In TIs based on bismuth and antimony chalcogenides such as Bi₂Se₃, the Dirac point is close to the valence band, and the Fermi energy of surface electrons can be quite large (of the order of the band gap). According to Equation (8), the efficiency of third harmonic generation, for a given electric field amplitude E, decreases in 2D Dirac systems with large Fermi energy. At the same time, the cubic dependence $j_{3\omega }\propto E^3$ holds as far as the relaxation times are not affected by electron gas heating (or, alternatively, the inequality $\omega {\tau }_1>>1$ is fulfilled) and the distribution of surface electrons remains degenerate. The latter also suggests that the peak energy gained by an electron at the cycle of the THz field, which is estimated as $\left|ev{\tau }_1(\omega )\right|E$, is less than the Fermi energy. As it has been recently measured, the relaxation of hot electrons in topological surface states is very fast [16]. The reason could be the interaction with optical phonons [31,32,33] or the efficient transfer of energy between surface and bulk carriers due to Coulomb interaction [34]. For fast energy relaxation, ${\tau }_e~{\tau }_1$, and efficient dissipation of heat from the surface region, the regime $j_{3\omega }~E^3$ can be optimistically extended up to the electric fields $E~E_F/\left|ev{\tau }_1(\omega )\right|$ giving rise the current amplitude $j~e{E}_F^2/\left(v{\hslash }^2\right)$. This demonstrates that 2D Dirac systems with large Fermi energy and fast energy relaxation can be highly efficient for frequency multiplication in the THz spectral range.

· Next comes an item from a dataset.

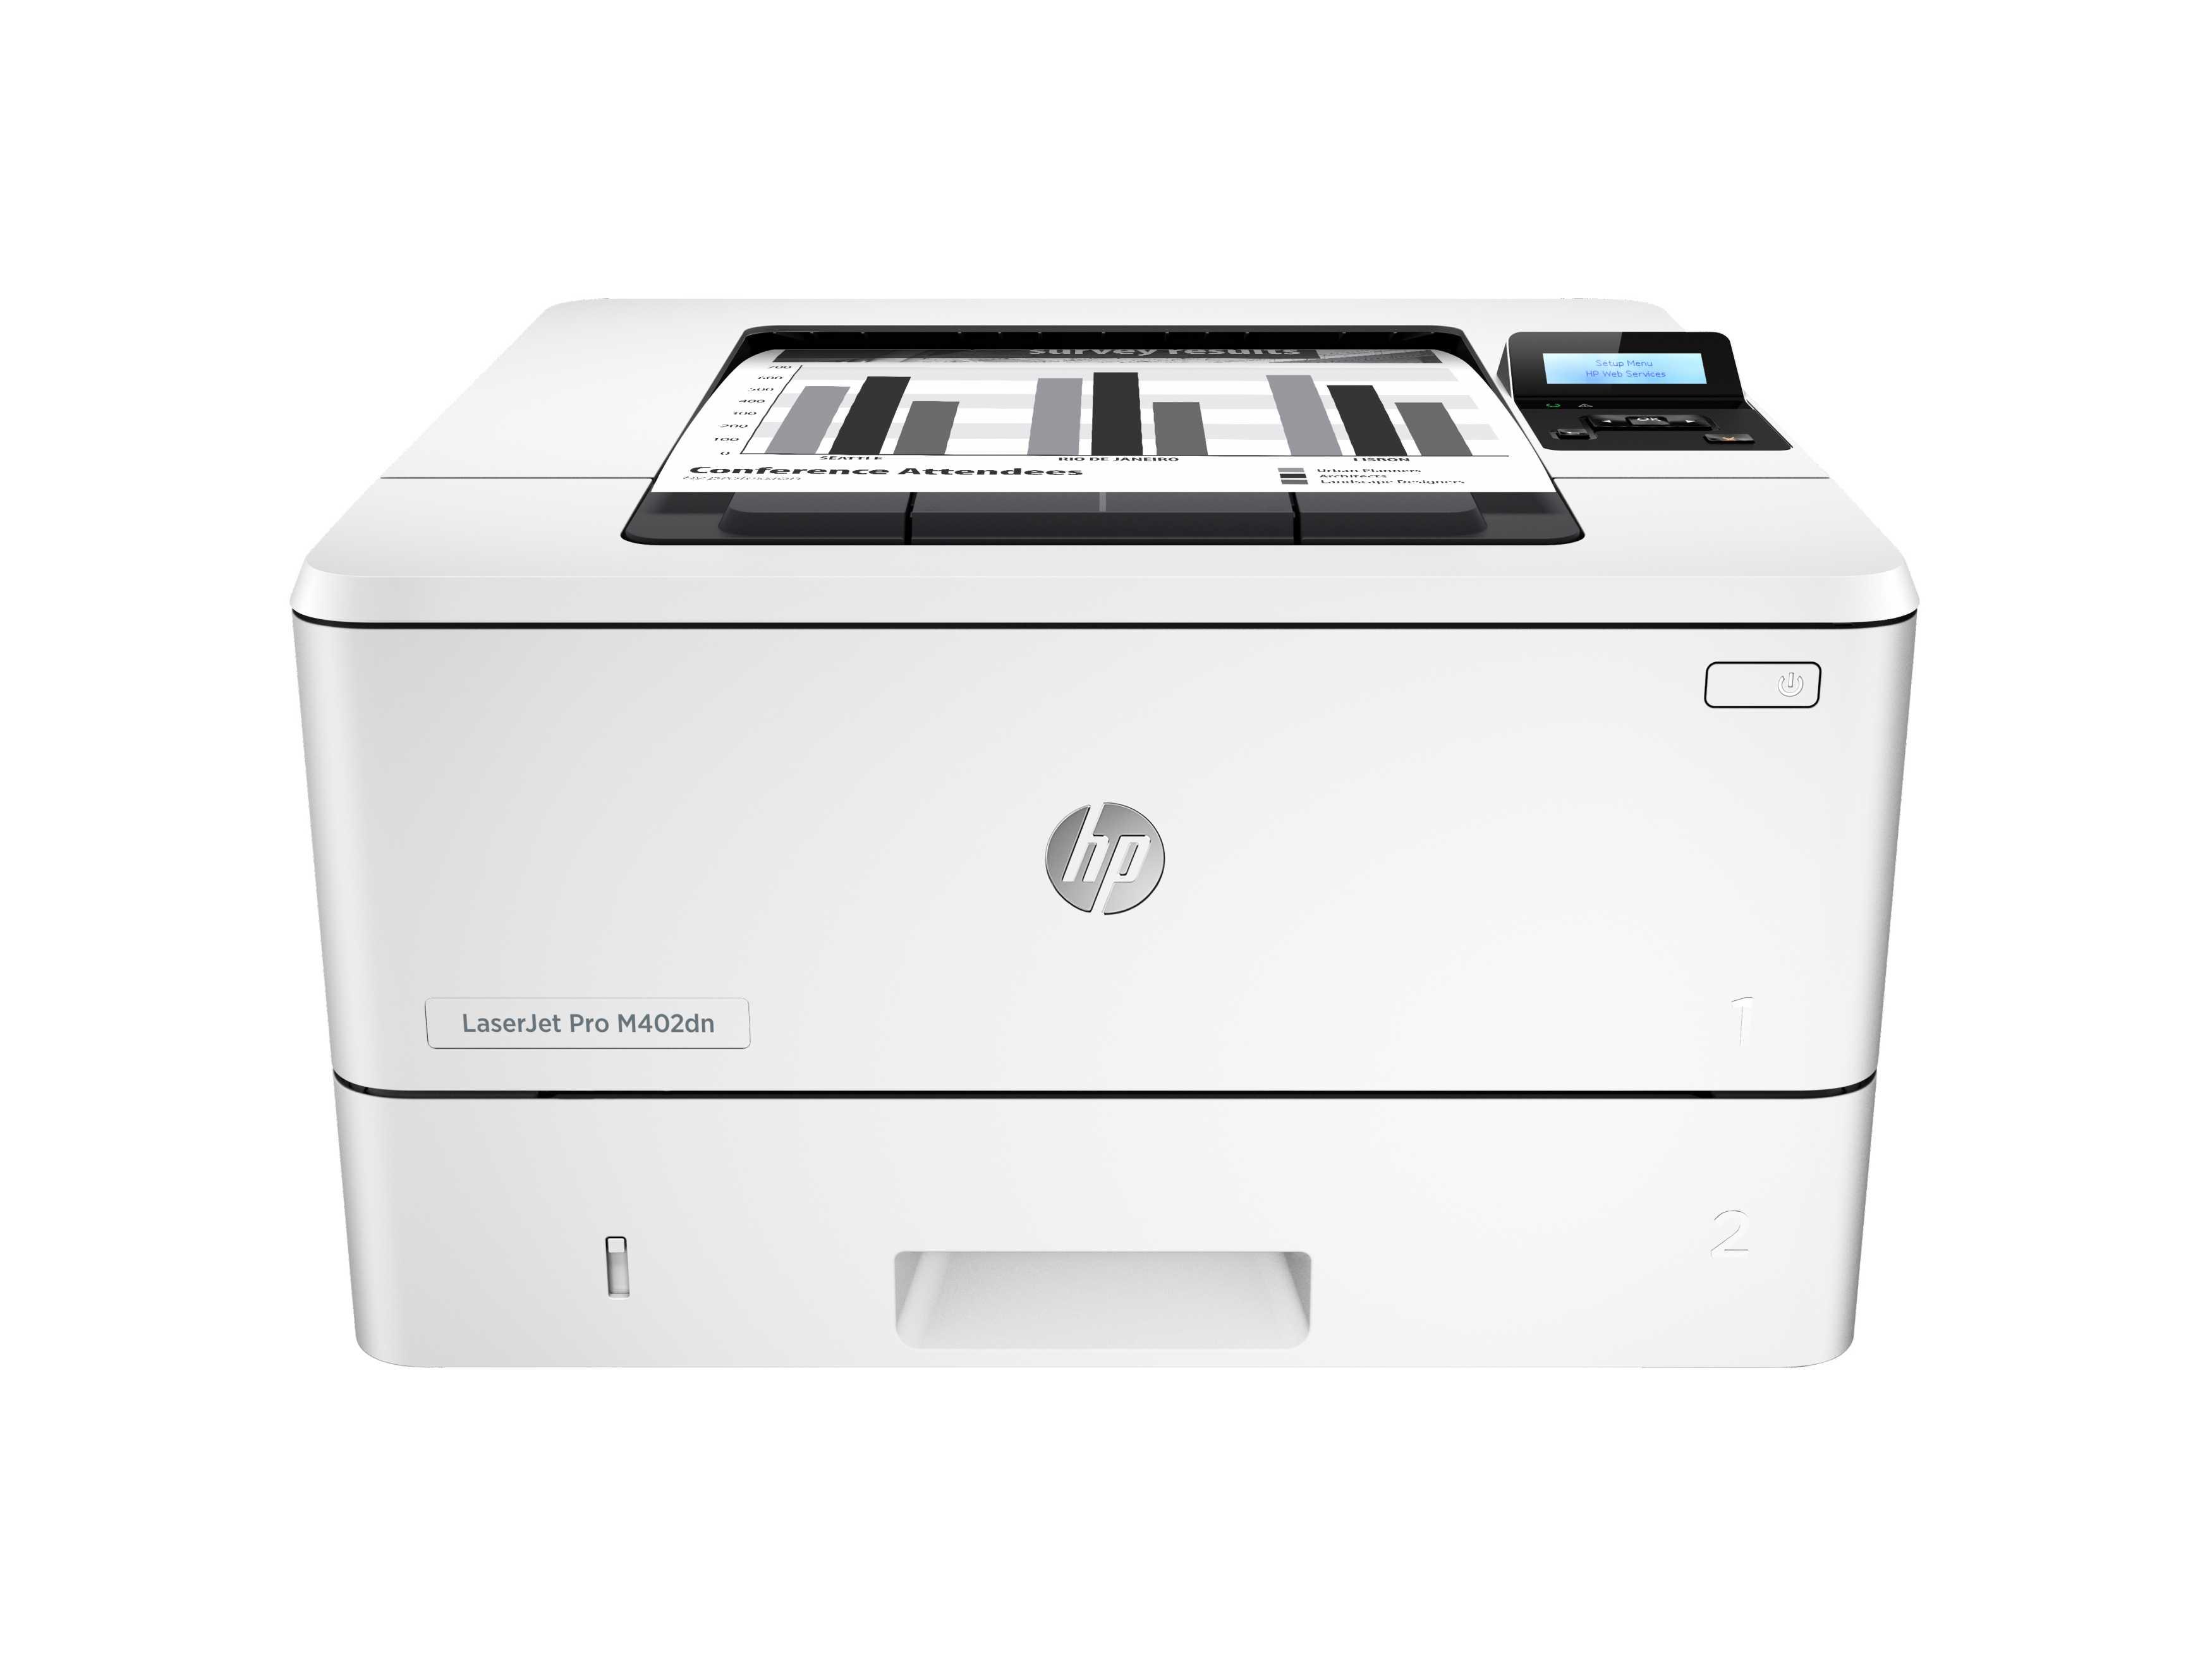 Impresora HP LaserJet Pro M402dn

2.2. Generation of the THz Radiation in Photoconductive Antennas

Here, we use the simple model by Jepsen et al. [35,36], based on the Drude-Lorentz carrier transport theory. This theory well describes the generation of THz pulses emitted by small photoconductive semiconductor antennas. It is based on the system of differential Equation (9), given below. The system solutions represent theoretical time dependences of the electron concentration in the conduction band n(t), and the electron velocity v(t), obtained without taking into account the influence of the electrode parameters on the emitted THz field:

$$\begin{array}{l}\frac{dn(t)}{dt}=-\frac{n(t)}{{\tau }_c}+\frac{\alpha }{h{f}_p}I(t)\\ \frac{dv(t)}{dt}=-\frac{v}{{\tau }_1}+\frac{e}{m^{*}}{E}_m\end{array}$$

(9)

where E_m is an electric field at the location of charge carriers, and I(t) is the intensity of the laser source, determined by the expression:

$$I(t)=I_l(1-R)\exp \left(-\frac{2t^2}{t_p^2}\right),$$

(10)

where τ_c is the electron capture time, τ₁ is the momentum relaxation time, R is the pump reflection coefficient, α is the absorption coefficient at the pump frequency, f_p is the laser frequency, t_p is the pump laser pulse duration, h is the Planck’s constant, e is the electron charge, and m^* is an electron effective mass. The electric field at the location of the charge carriers can be found from the expression:

$$E_m=E_b-\frac{P(t)}{\eta \epsilon },$$

(11)

where P(t) is the polarization, E_b is the bias electric field, η is the screening coefficient, and ε is the dielectric function of the photoconductive material. At large screening factors η, the field E_m becomes equal to E_b so that

$$E_m=E_b=\frac{U_b}{W},$$

(12)

where U_b is the bias voltage, and W is the antenna’s gap. The relation of current density to the concentration n(t) and the velocity v(t) of charge carriers is described as $j(t)=en(t)v(t)$. In turn, the time derivative of the current density determines the strength of the emitted THz field.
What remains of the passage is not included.